Kuduz hastalığı ile karışabilecek
hastalıklar:
- Ketosiz'in sinirsel şekli
- Serebrokortikal nekroz
- A vitaminozis
- Listeriosis
- Meningitis veya meningoencephalitis ile seyreden diğer
enfeksiyonlar ve adi hastalıklardır.
- Bazı zehirlenmeler de kuduz semptomlarını andırabilir.
İhbarı mecburi hastalıklardan ve
Zoonozlardan biri olması sebebiyle klinik diyagnozu
kesinleştirmeye gerek vardır.
- En yakın mülki ve idari amir e haber verilir.
- Hasta derhal tecrit edilerek müşahedeye alınır.
- Ölen veya öldürülen hayvanın başı kesilerek , plastik
torba içine konup en çabuk bir şekilde laboratuara gönderilir.
Laboratuarda başlıca 3 çeşit muayene ile
kesin diyagnoz konur:
- Beyin frotisinin floresan antikor tekniği ile muayenesi
(Sonucu 1 günde alınır).
- Formol ile fikse edilmiş beyin preparatlarının
histopatalojik muayenesinde ganglion hücreleri içinde "negri
cisimleri " nin aranması.
- Beyinden alınan numuneler ile farelerde intraserebral
deneysel inokulayon yapılması (sonucu 11-12 günde alınır).

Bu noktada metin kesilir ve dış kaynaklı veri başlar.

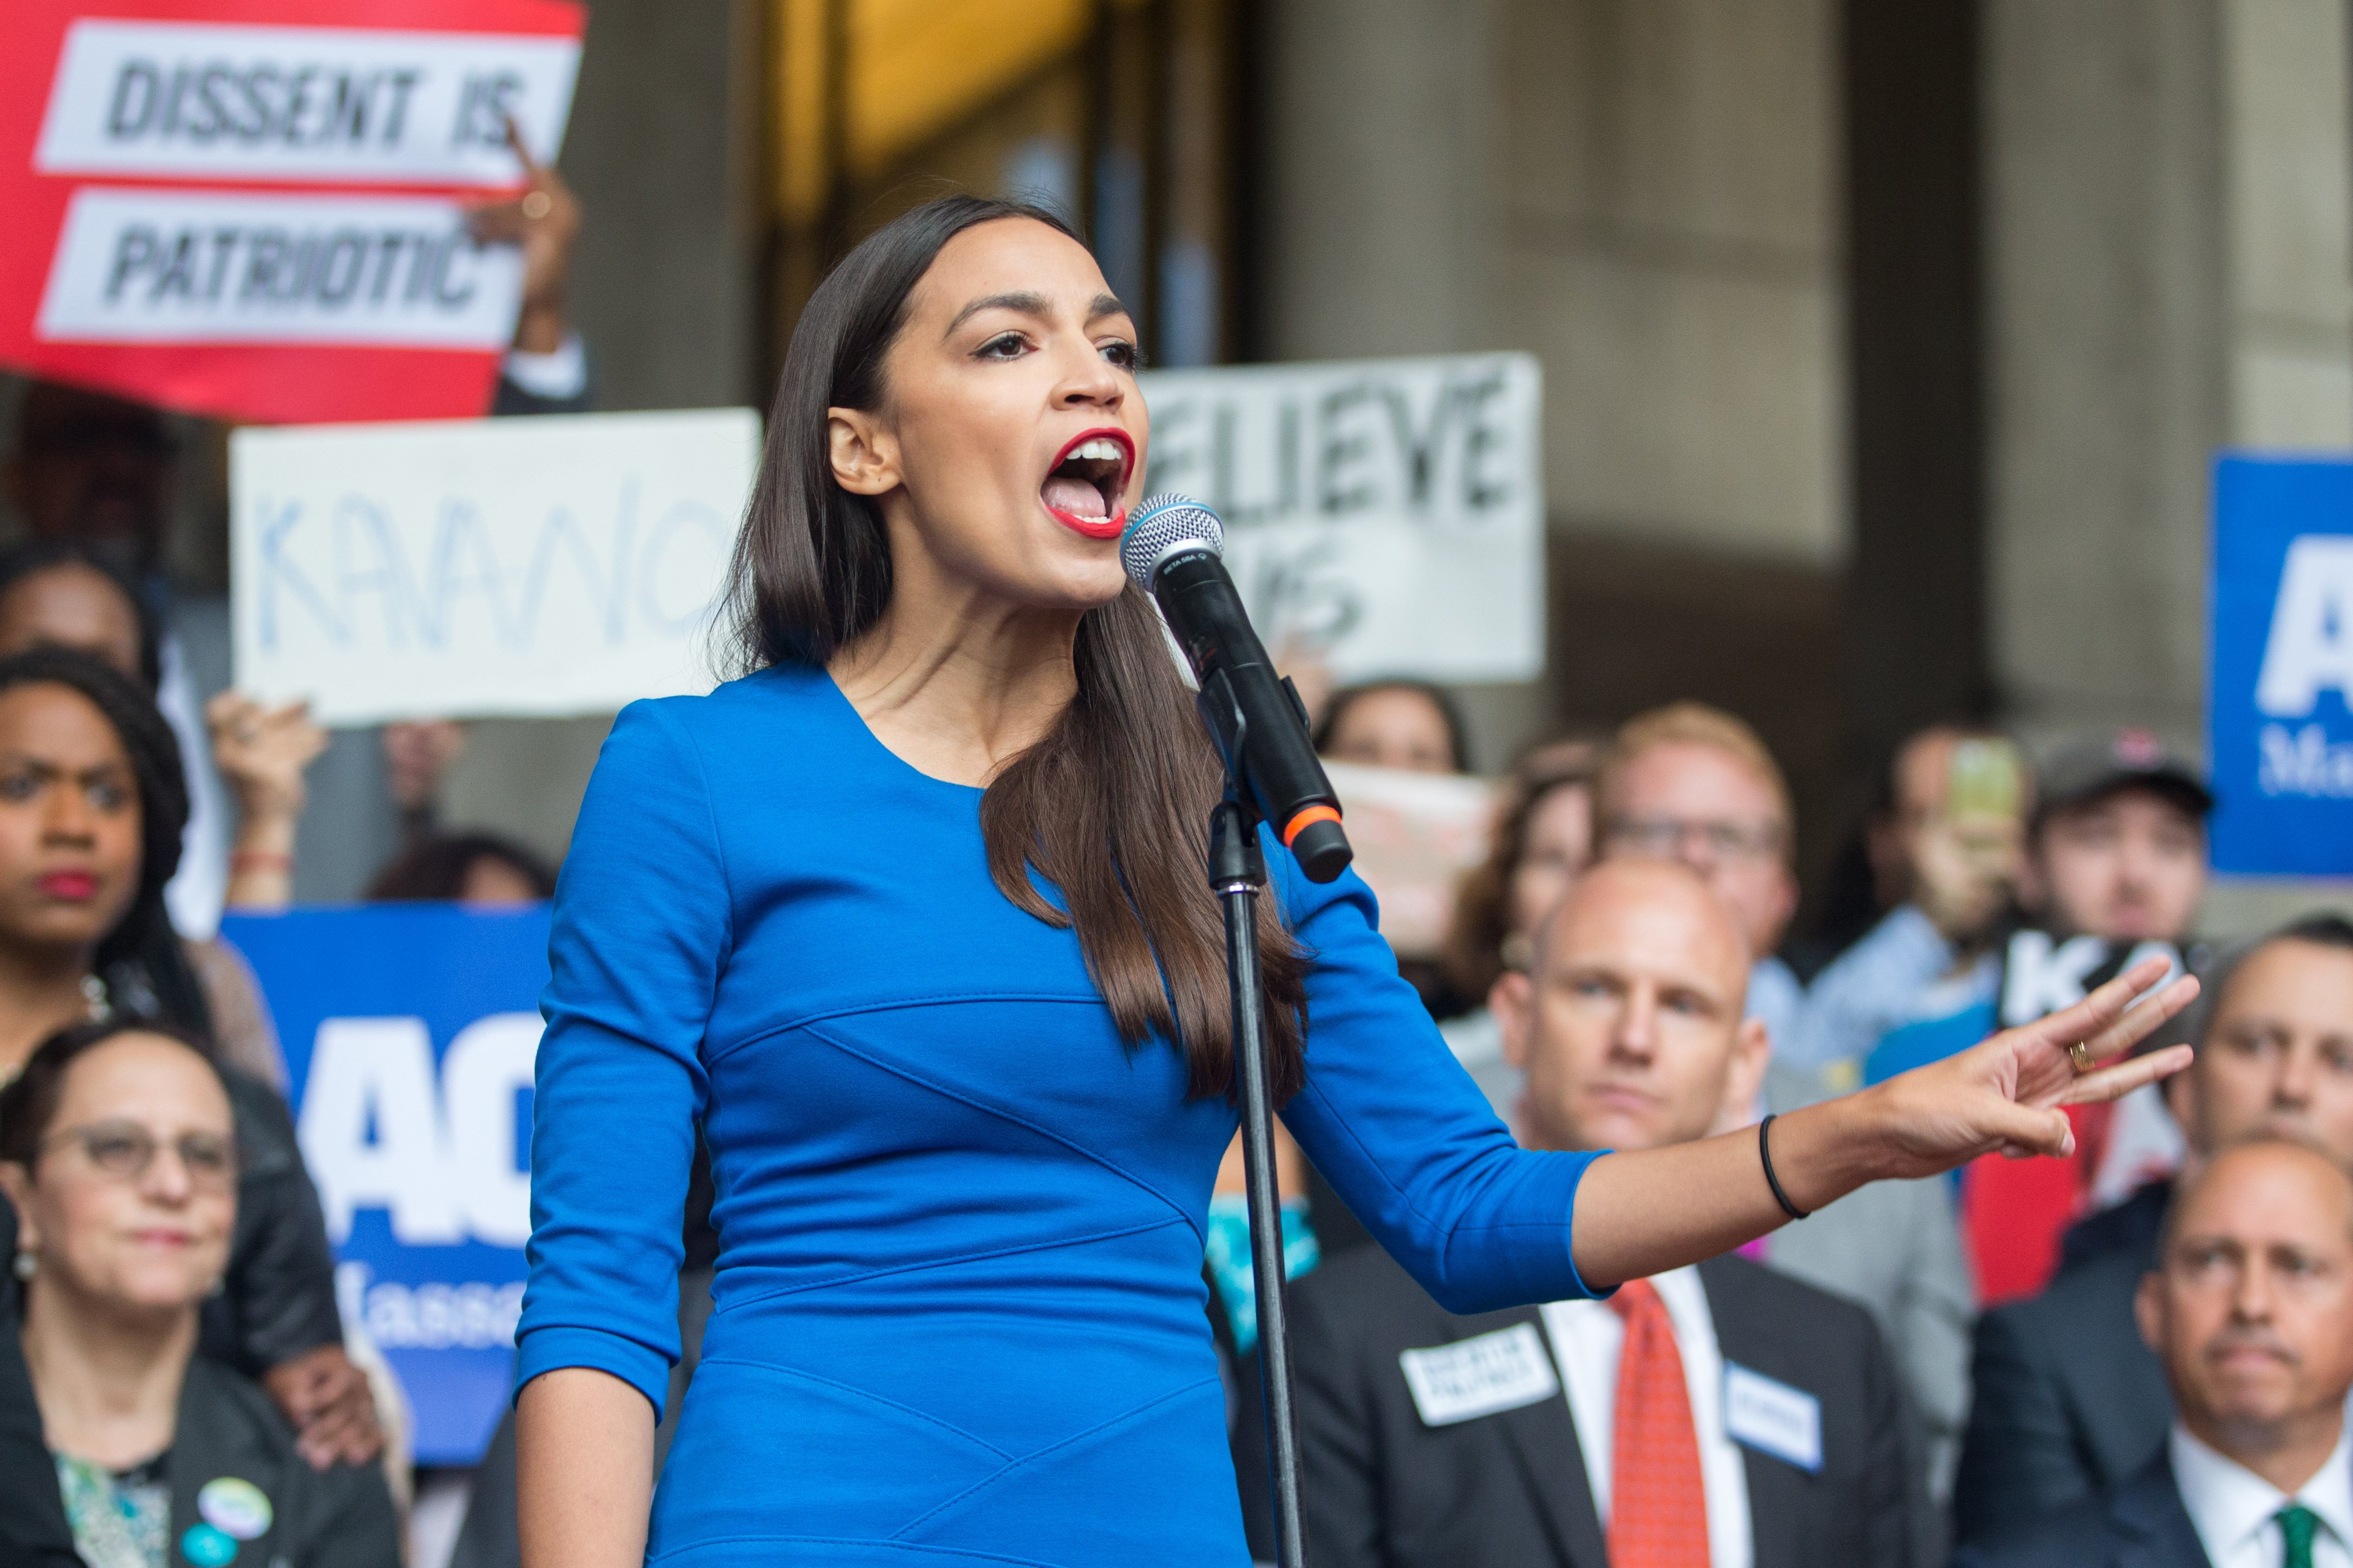 BOSTON, MA - OCTOBER 01: New York Democratic congressional candidate Alexandria Ocasio-Cortez speaks at a rally calling on Sen. Jeff Flake (R-AZ) to reject Judge Brett Kavanaugh's nomination to the Supreme Court on October 1, 2018 in Boston, Massachusetts. Sen. Flake is scheduled to give a talk at the Forbes 30 under 30 event in Boston after recently calling for a one week pause in the confirmation process to give the FBI more time to investigate sexual assault allegations. (Photo by Scott Eisen/Getty Images)

Normal olarak yukarıdaki muayenelerden en az
ikisinin uygulanması uygun olur.
Koruma:
- Kuduz Hayvan Sağlığı Zabıtası Kanunu'na göre ihbarı
mecburi hastalıklar arasındadır. En yakındaki idari makama
derhal haber verilmesi , ayrıca yetkili resmi veteriner hekim
e de yazılı veya sözlü rapor verilmesi gerekir.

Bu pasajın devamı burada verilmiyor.